在连接(。)或字符串中使用未初始化的值$1

我无法弄清楚为什么......你能吗?

use List::Util qw[min max];
my $word = "test";
my $lines = "this is just a test to find something out";
my $context = 3;
while ($lines =~ m/\b$word\b/g ) { # as long as pattern is found...
    print "$word\ ";
    print "$1";
    print substr ($lines, max(pos($lines)-length($1)-$context, 0), length($1)+$context); # check: am I possibly violating any boundaries here
}

5 个答案:

答案 0 :(得分:3)

您必须使用括号将$word捕获到正则表达式组$1中,

while ($lines =~ m/\b($word)\b/g)

答案 1 :(得分:1)

当您使用$1时,您要求代码使用正则表达式中第一个捕获的组,因为您的正则表达式没有任何,那么该变量不会存在。< / p>

您可以使用$&引用整个匹配项,也可以将捕获组添加到正则表达式并继续使用$1

即。
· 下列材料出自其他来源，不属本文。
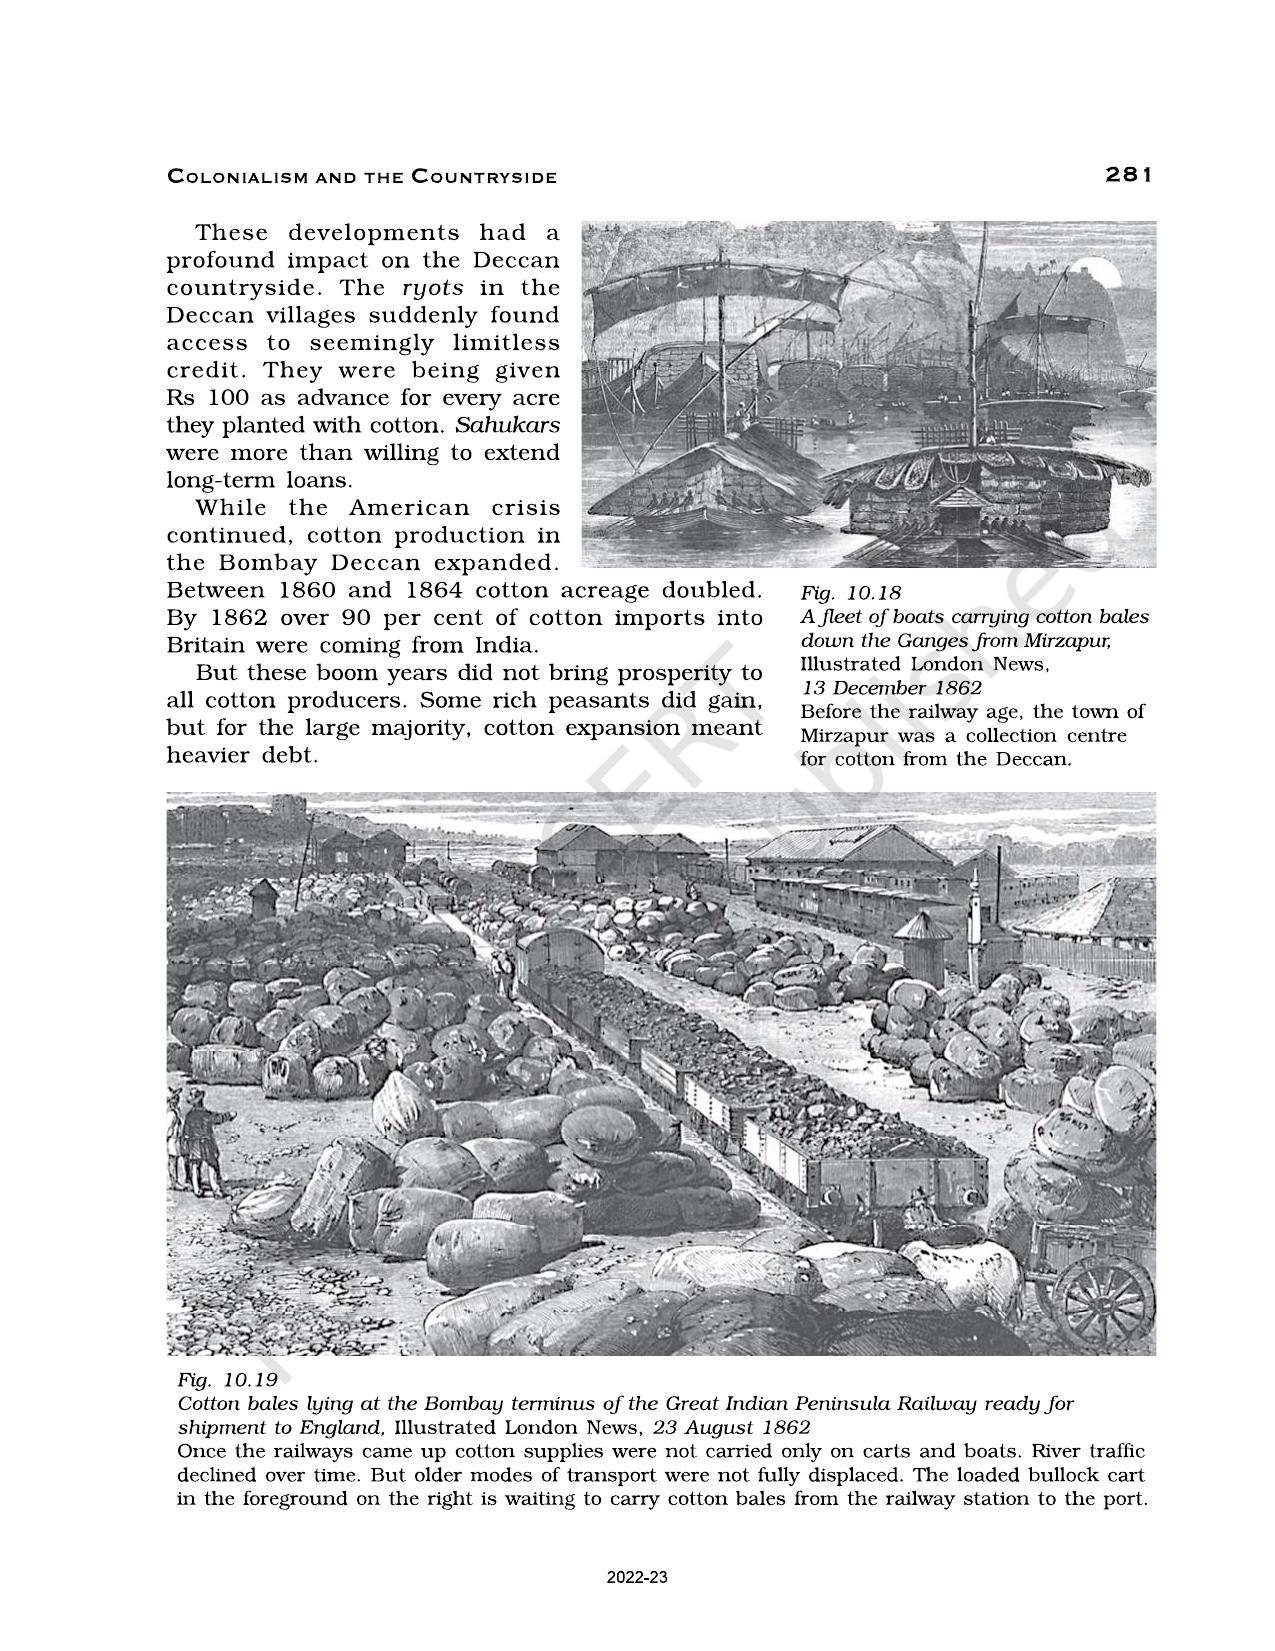 NCERT Book for Class 12 History (Part-II) Chapter 10 Colonialism and the Countryside - Page 25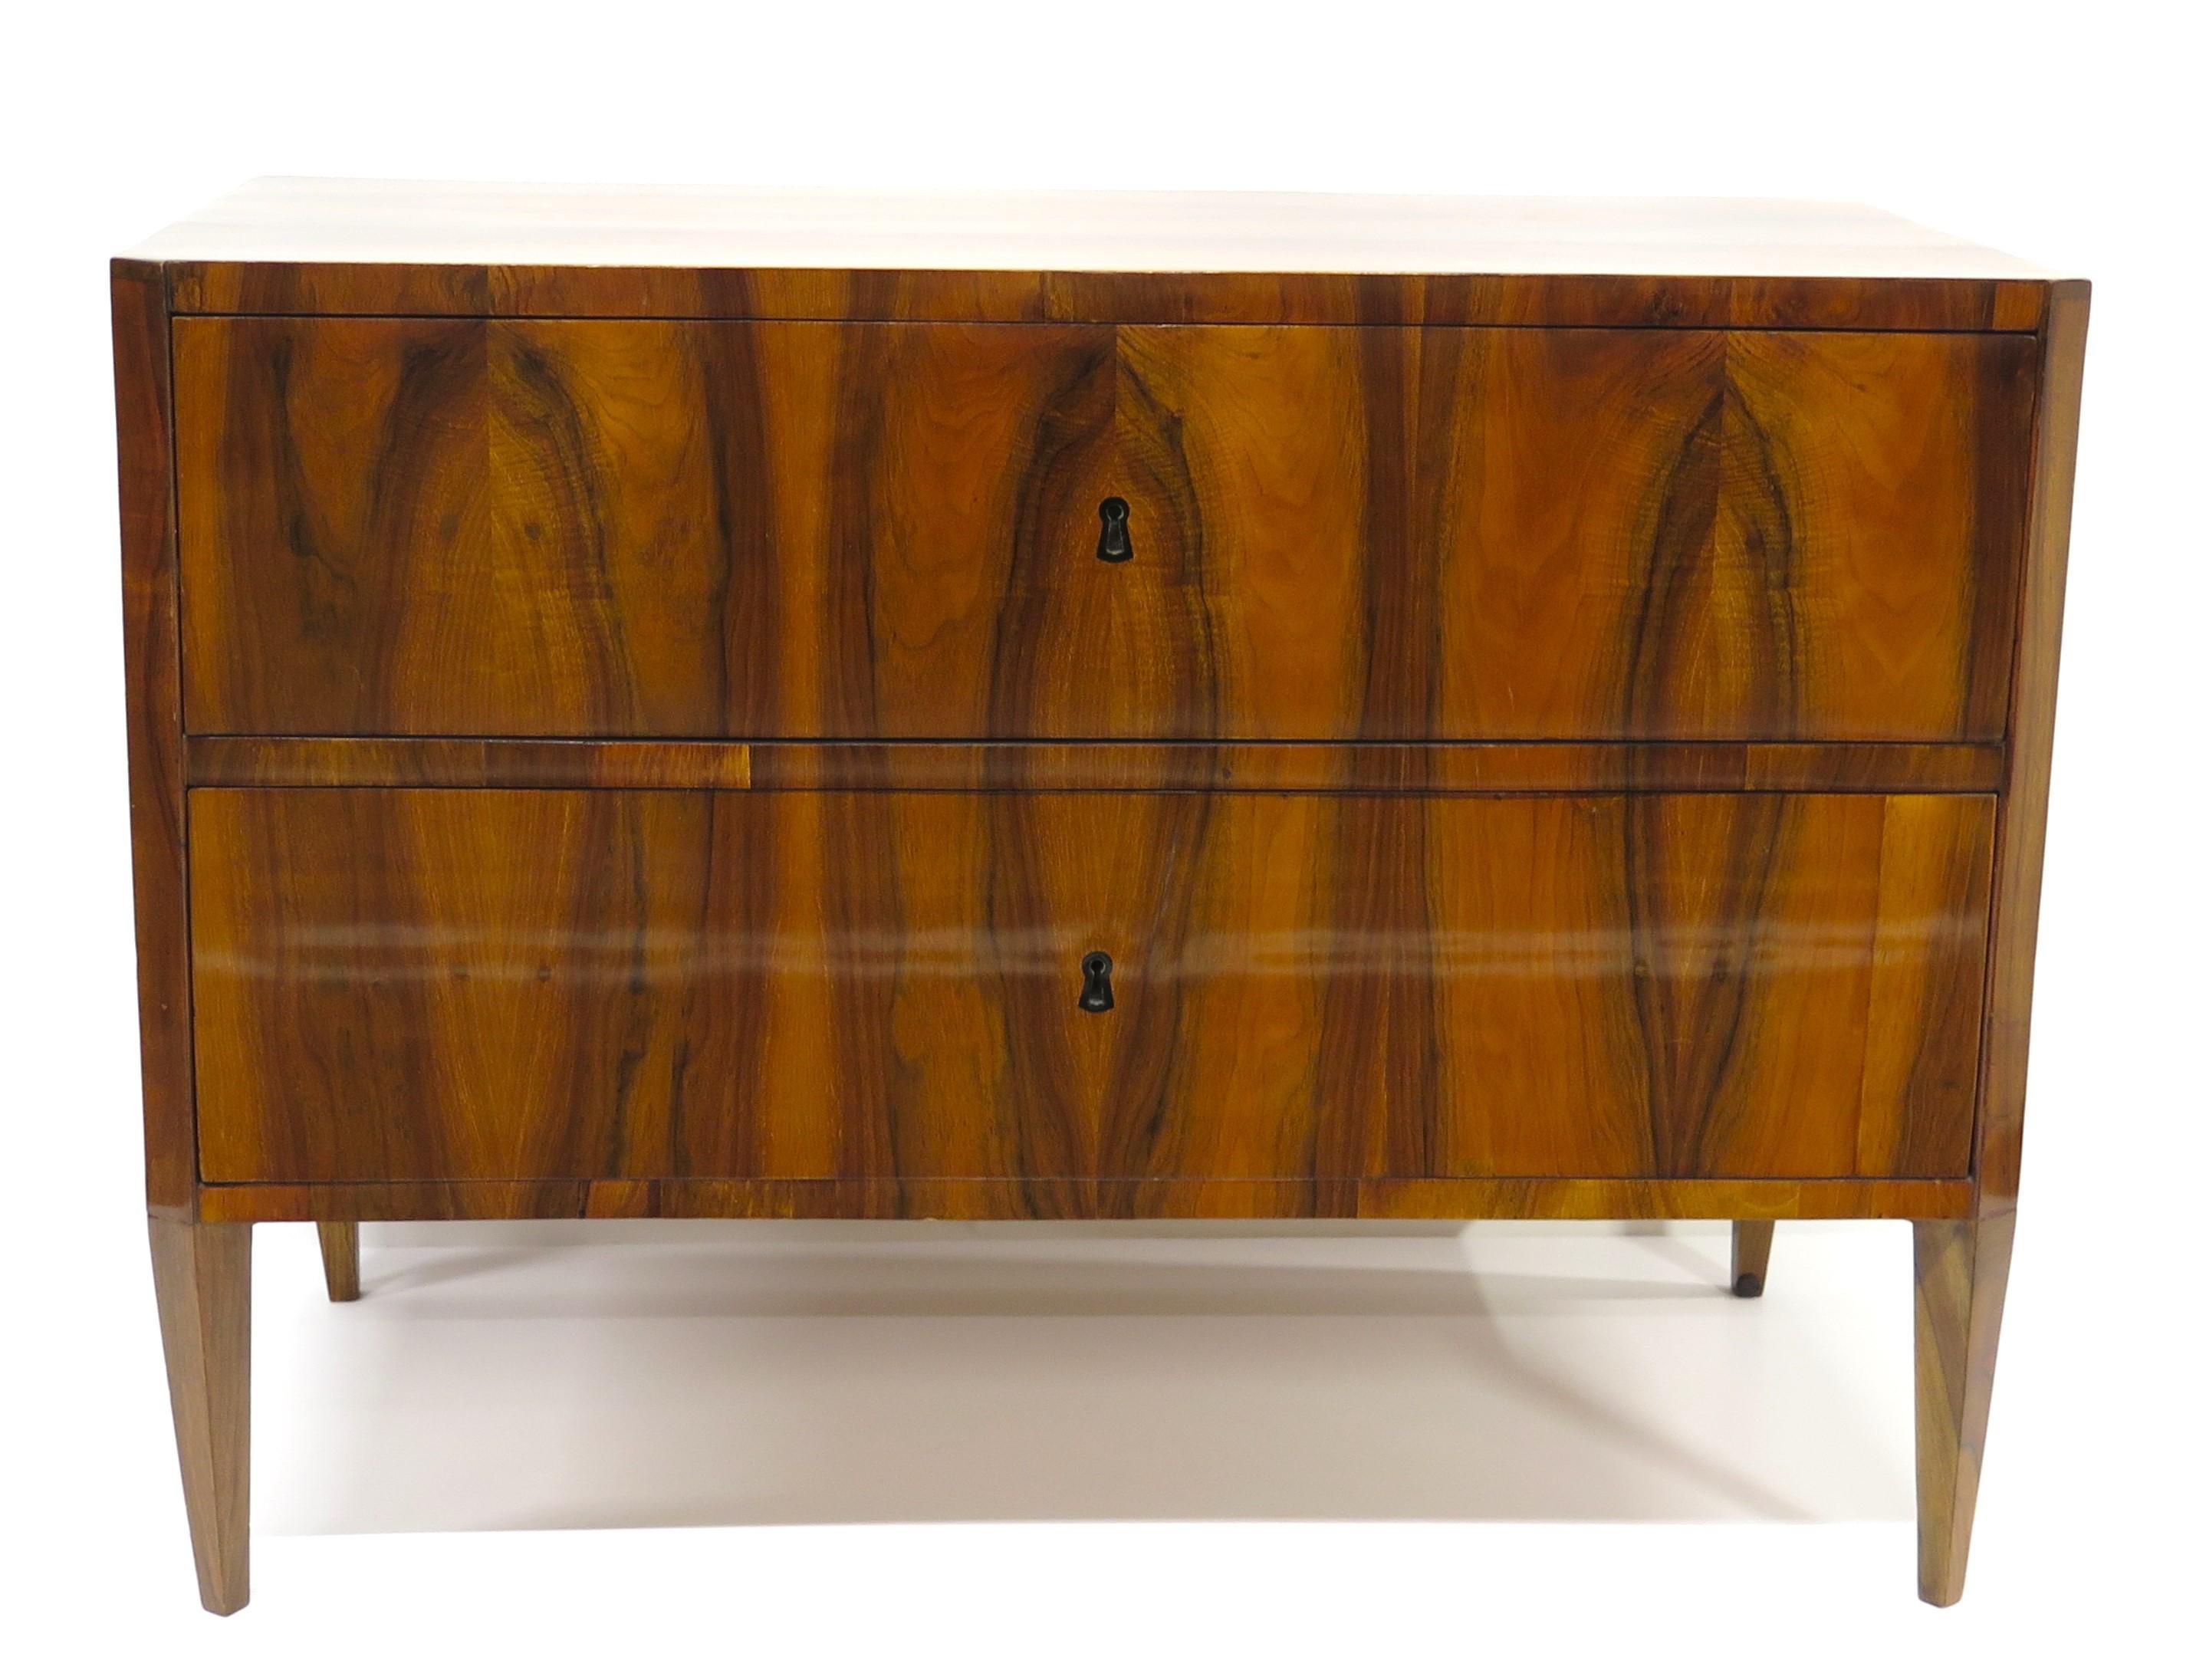 two-drawer Biedermeier commode with handsome bookmatched walnut veneers, exceptional quality on this piece, with a very fine polished finish as well, Germany, circa 1810

之一:

use List::Util qw[min max];
my $word = "test";
my $lines = "this is just a test to find something out";
my $context = 3;
while ($lines =~ m/\b$word\b/g ) { # as long as pattern is found...
    print "$word\ ";
    print "$&";
    print substr ($lines, max(pos($lines)-length($&)-$context, 0), length($&)+$context); # check: am I possibly violating any boundaries here
}

或者

use List::Util qw[min max];
my $word = "test";
my $lines = "this is just a test to find something out";
my $context = 3;
while ($lines =~ m/(\b$word\b)/g ) { # as long as pattern is found...
    print "$word\ ";
    print "$1";
    print substr ($lines, max(pos($lines)-length($1)-$context, 0), length($1)+$context); # check: am I possibly violating any boundaries here
}

注意:此处使用(\b$word\b)(\b$word)\b\b($word\b)\b($word)\b并不重要,因为\b是&#39 ;字符串&#39;长度为0。

答案 2 :(得分:0)

如果要在正则表达式中处理匹配的部分,请将其放在括号中。您可以通过$1变量(对于第一对括号),$2(对于第二对)等来处理此数学部分,依此类推。

答案 3 :(得分:0)

$1$2等等保留捕获组找到的字符串。执行匹配时,所有这些变量都设置为undef。问题中的代码没有任何捕获组,因此$1永远不会给出值,它是未定义的。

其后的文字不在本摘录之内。